My team of 6 engineers have a social app at around 1,000 DAU. The previous stack has several machines serving APIs and several machines handling different background tasks. Our tech lead is forcing everyone to move to separate Lambdas using CDK to handle each each of these tasks. The debugging, deployment, and architecting shared stacks for Lambdas is taking a toll on me -- all in the name of separation of concerns. How (or should) I push back on this?
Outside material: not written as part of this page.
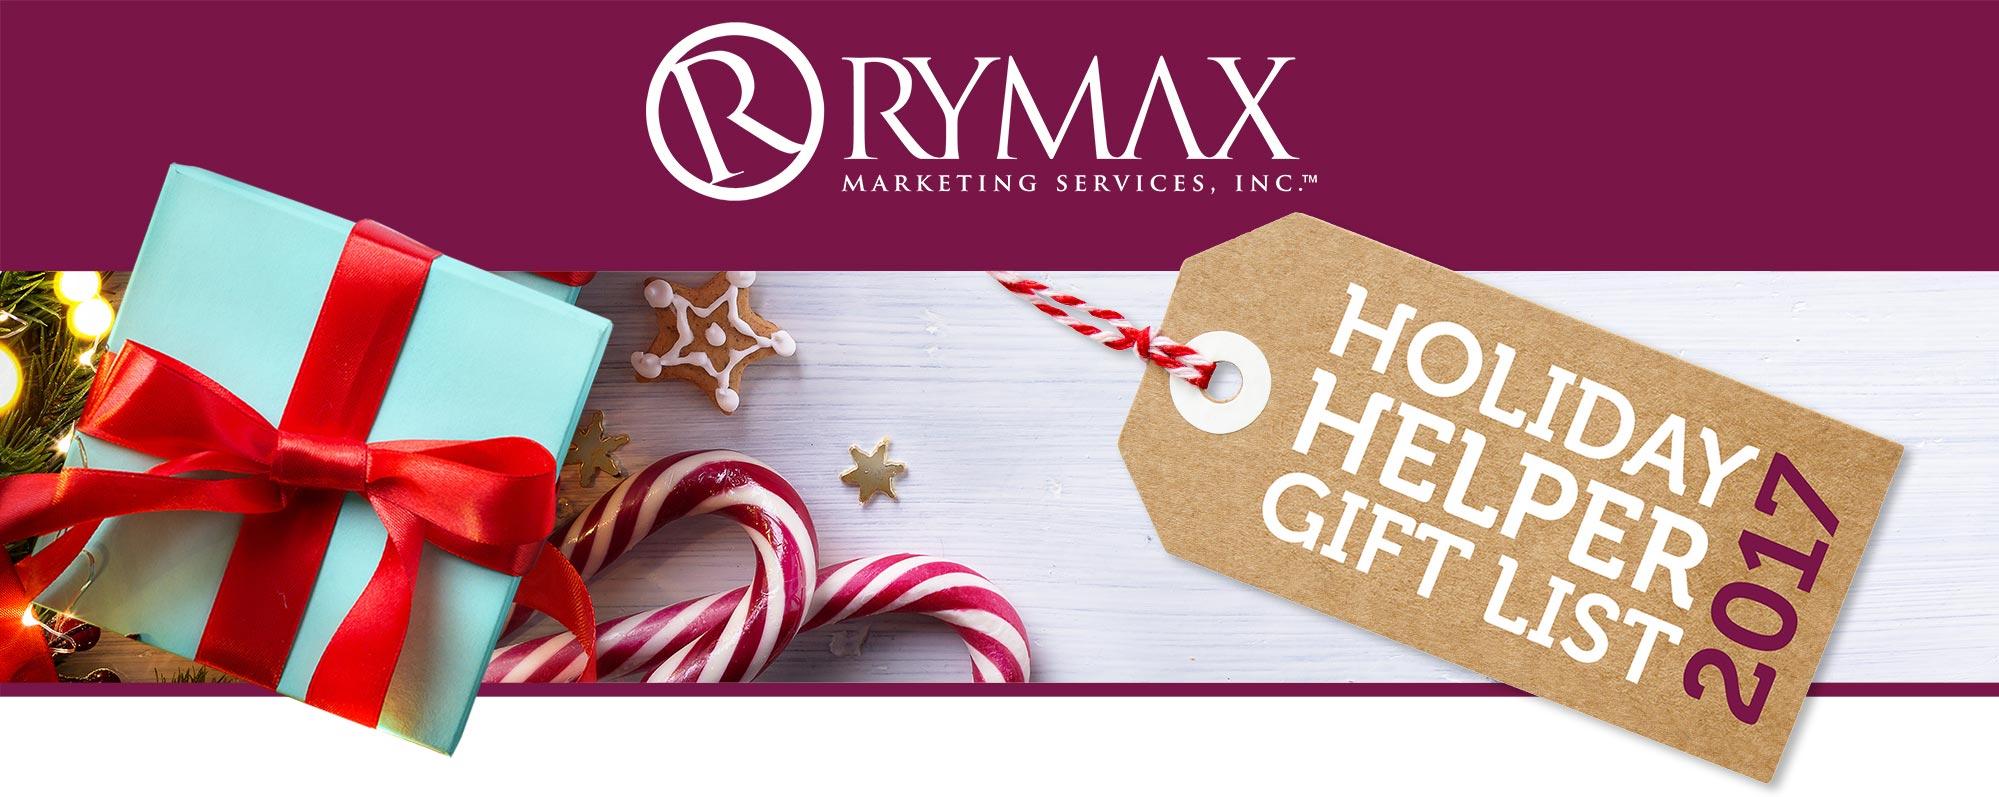 Rymax Holiday Helper Gift List 2017

But an application built in the high pressure environment of a startup also has the risk of becoming unmanageable, one or two years in. And to the extent you already have familiar tools to manage this complexity, I vote for using them. If you can divide and conquer your application complexity into a few different services, and you are already experienced in an appropriate application framework, that may not be such a bad choice. It helps focus on just one part of the application, and have multiple people work on the separate parts without stepping on each other.
I personally don't think that should include k8s. But ECS/Fargate with a simple build pipeline, all for that. "Complex" is the operative word in the article's title.
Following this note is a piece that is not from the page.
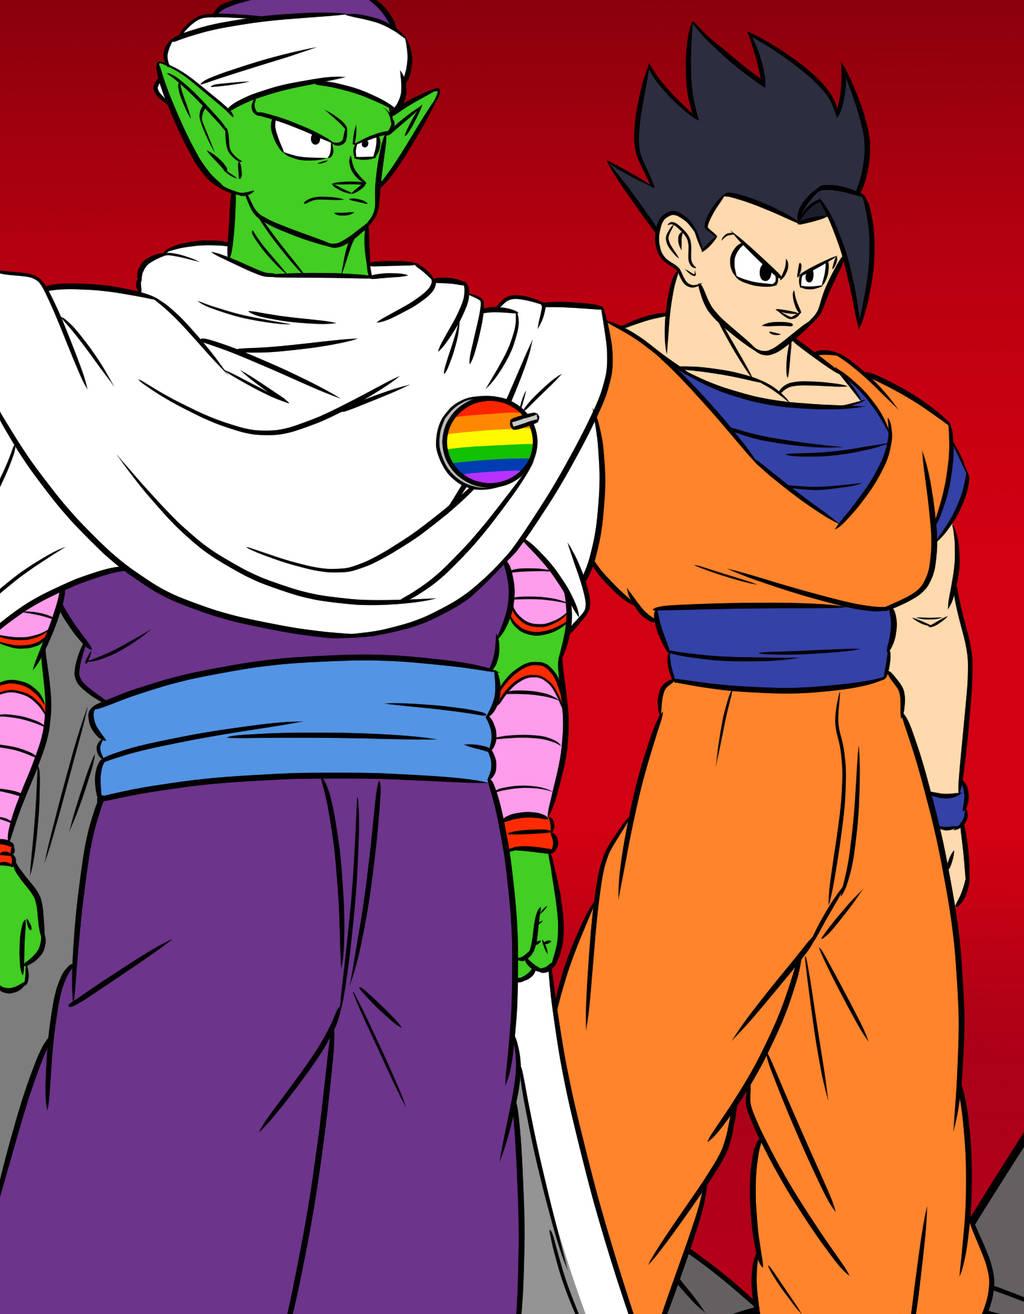 Piccolo and gohan by kish95

For new projects that, with luck, will have a couple hundred users at the beginning it is just overkilling (and also very expensive).
My approach is usually Vercel + some AWS/Hetzner instance running the services with docker-compose inside or sometimes even just a system service that starts with the instance. That's just enough. I like to use Vercel when deploying web apps because it is free for this scale and also saves me time with continuous deployment without having to ssh into the instances, fetch the new code and restart the service.
Like all things, there's a good middle ground here-- use managed services where you can but don't over-architect features like availability & scaling. For example, Kubernetes is an heavy abstraction; make sure it's worth it. A lot of these solutions also increase dev cycles, which is not great early on.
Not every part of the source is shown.